SES discute com o Ministério da Saúde descentralização dos soros antivenenos em áreas indígenas
Ascom | SES-MT
A Secretaria de Estado de Saúde (SES-MT) e o Ministério da Saúde realizaram, de segunda a quarta-feira (18 a 20.5), uma reunião técnica para discussão do Plano de Trabalho relacionado ao processo de descentralização dos soros antivenenos em áreas indígenas do Estado, além do aperfeiçoamento das estratégias de diagnóstico e tratamento de acidentes por animais peçonhentos.
O encontro reuniu representantes da Secretaria e do Ministério da Saúde, entre profissionais dos Distritos Sanitários Especiais Indígenas (DSEIs), assistência, vigilância em saúde, referências técnicas e demais parceiros envolvidos na atenção às populações indígenas e no manejo clínico dos acidentes por animais peçonhentos.
“A iniciativa tem o intuito de ampliar o acesso aos soros antivenenos em regiões de difícil acesso, especialmente em territórios indígenas, reduzindo o tempo de resposta aos atendimentos e contribuindo para a diminuição da morbimortalidade em emergências ocasionadas por acidentes peçonhentos”, avaliou o superintendente de Vigilância em Saúde da SES, Marcos Roberto Arcanjo Dias.
De acordo com a coordenadora de Vigilância em Saúde Ambiental da SES, Marlene Barros, a descentralização dos soros já vem ocorrendo em alguns Estados da Amazônia Legal e será um importante avanço em Mato Grosso para garantir maior equidade no acesso à saúde às populações indígenas, promovendo resposta mais rápida e qualificada às emergências.
“Para a descentralização dos soros antivenenos, todos os profissionais da saúde indígena terão que ser capacitados e as unidades de saúde indígenas cumprir normas e protocolos para poder receber este tipo de insumo”, afirmou.
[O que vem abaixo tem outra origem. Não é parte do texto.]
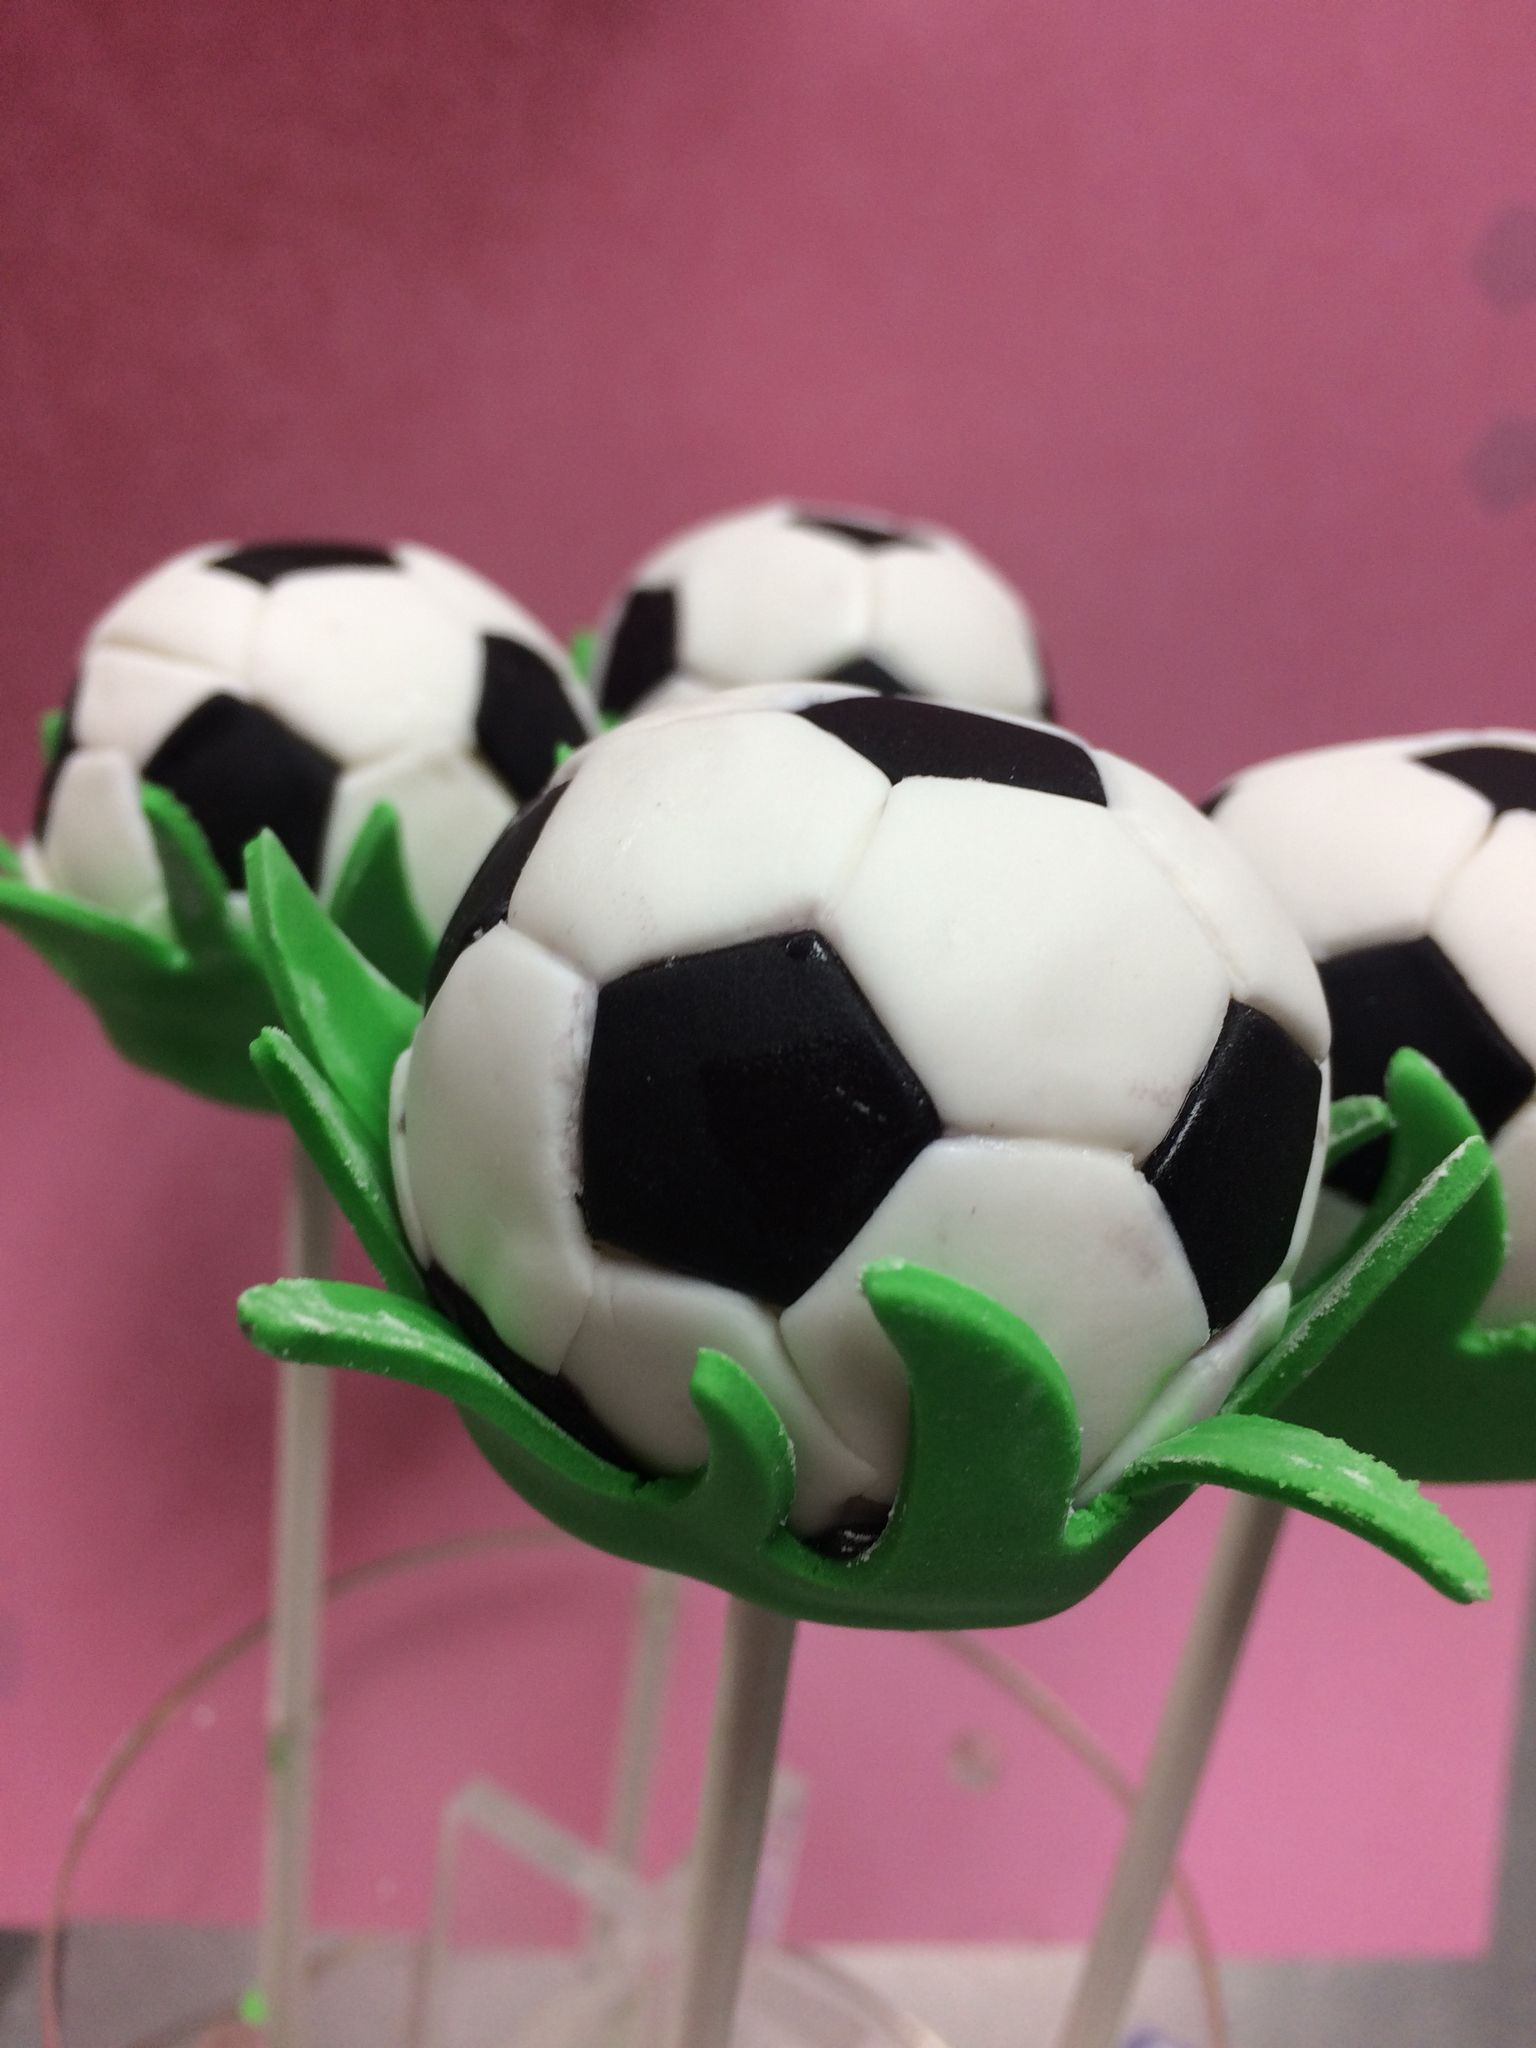 Soccer Cake Pops Soccer Cake Pops Soccer Cake Cake Pop Decorating

O fortalecimento das ações de vigilância, prevenção e assistência é fundamental para reduzir riscos e assegurar atendimento adequado às populações mais vulneráveis do Estado.
“Porque, muitas vezes, as aldeias ficam muito mais distantes das unidades hospitalares e a maioria das vítimas de acidentes por animais peçonhentos chega já em estado grave. Então é preciso acelerar os atendimentos”, concluiu.
Durante a reunião, foram debatidas estratégias para organização logística, armazenamento, distribuição e utilização segura dos soros, bem como fluxos de atendimento, qualificação das equipes de saúde e fortalecimento da integração entre vigilância e assistência.